Application Scenarios

This simplified Event Sourcing approach is particularly well-suited for:

Auditing and Compliance: Every single change is recorded, providing a complete, immutable audit trail.
Debugging and Troubleshooting: Replay events to understand exactly how a system reached a particular erroneous state.
Complex Domain Logic: When business rules are complex and dependent on history (e.g., "a user can only do X if they haven't done Y in the last Z days").
Temporal Queries: Ask questions like "What was the state of the order yesterday at 2 PM?".
Small to Medium-Sized Applications: Where the full operational overhead of Kafka or other message brokers is overkill, but the benefits of Event Sourcing are desired.
Prototyping and Learning: A great way to get started with Event Sourcing without a steep learning curve related to infrastructure.
Read Model Reconstruction: If a read model becomes corrupted or needs re-architecting, you can always rebuild it entirely by replaying all historical events from the events table.

Conclusion

Implementing Event Sourcing with just a single database table for your event log is a pragmatic and powerful approach.
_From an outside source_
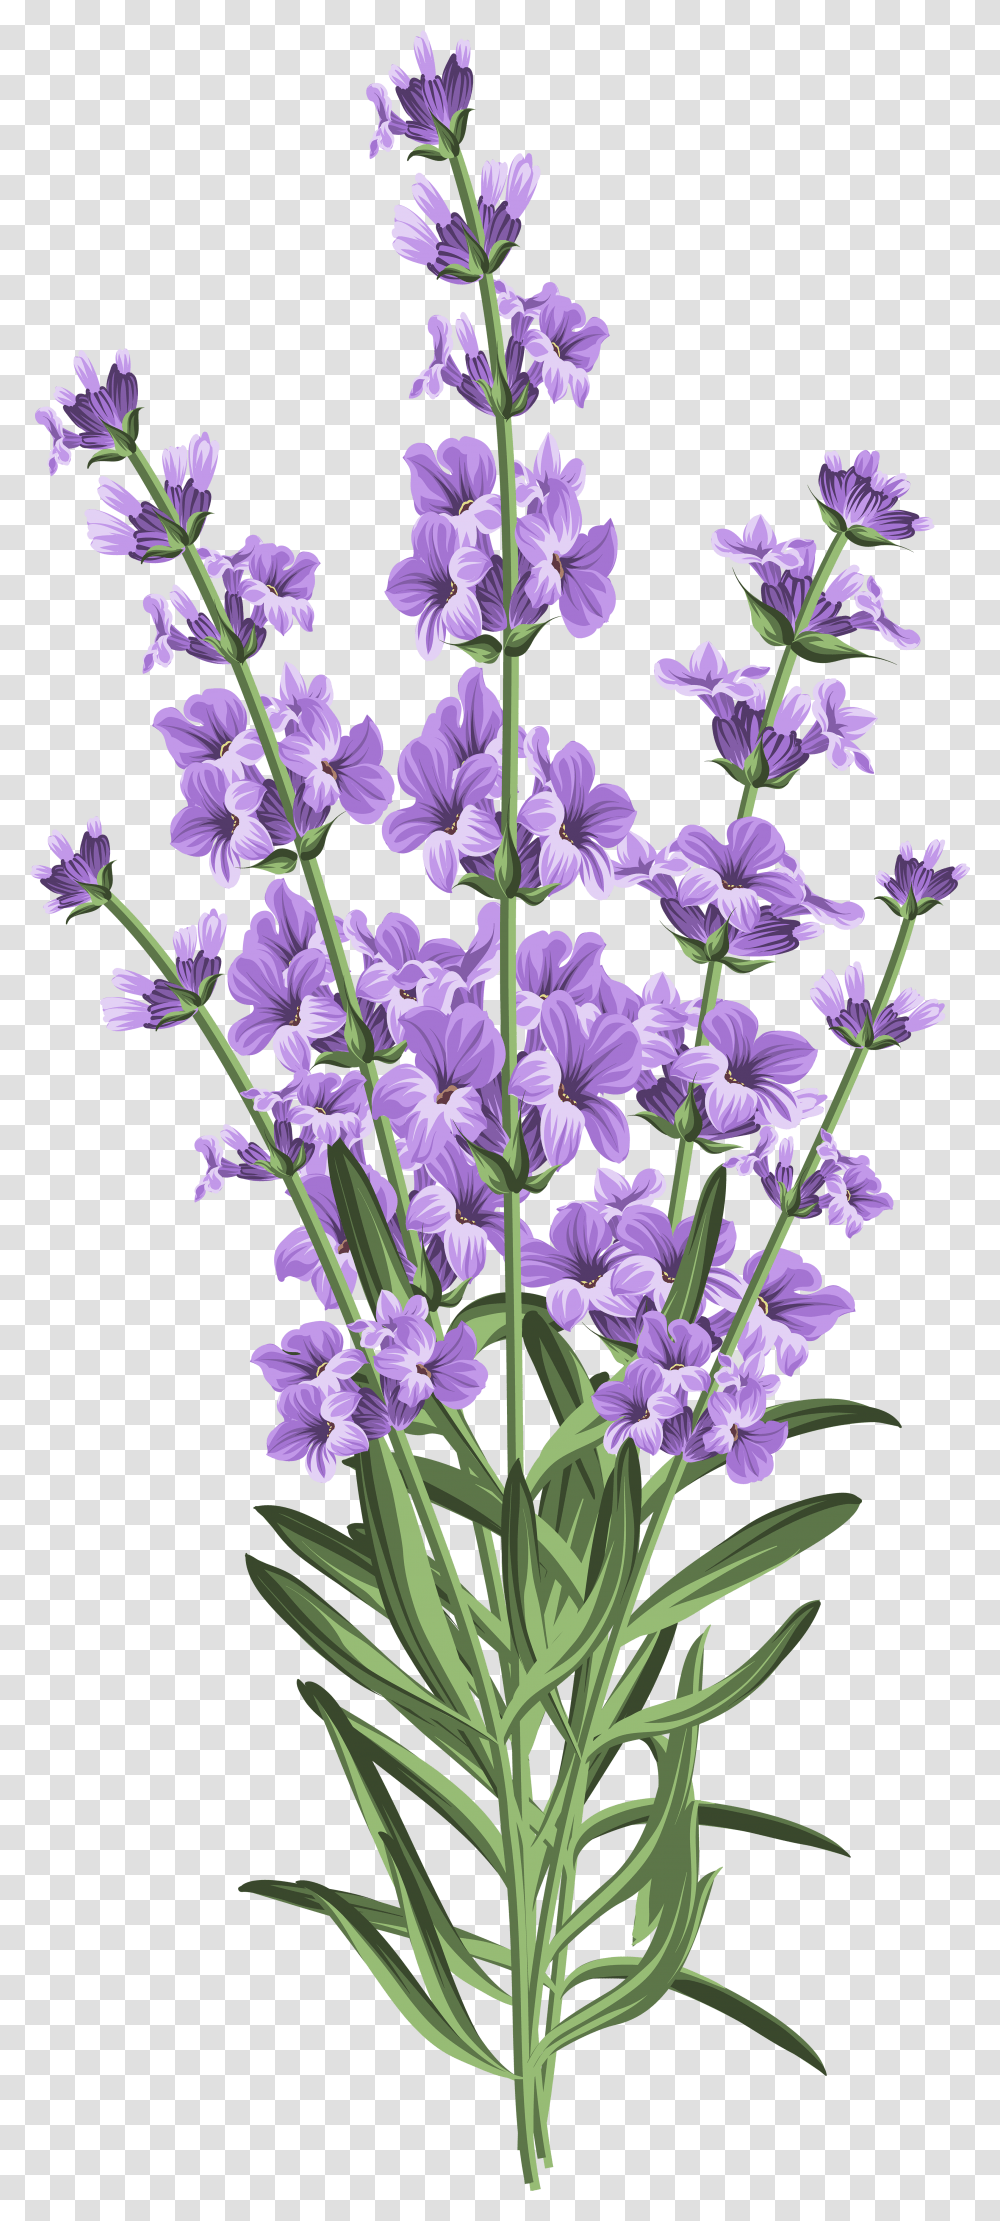 Lavender Flowers & Free Flowerspng Background Lavender Flower Transparent Png

It strips away the complexity of external message brokers, allowing developers to focus on the core benefits of the pattern: an immutable, auditable history of all changes, robust concurrency control, and the ability to rebuild application state. While it necessitates careful consideration of performance for highly active aggregates and complex querying, these challenges can be effectively addressed through snapshots and dedicated read models, showcasing that resilient, history-rich systems are achievable with surprisingly simple infrastructure. This pattern offers a compelling blend of simplicity and power, making Event Sourcing accessible to a wider range of projects.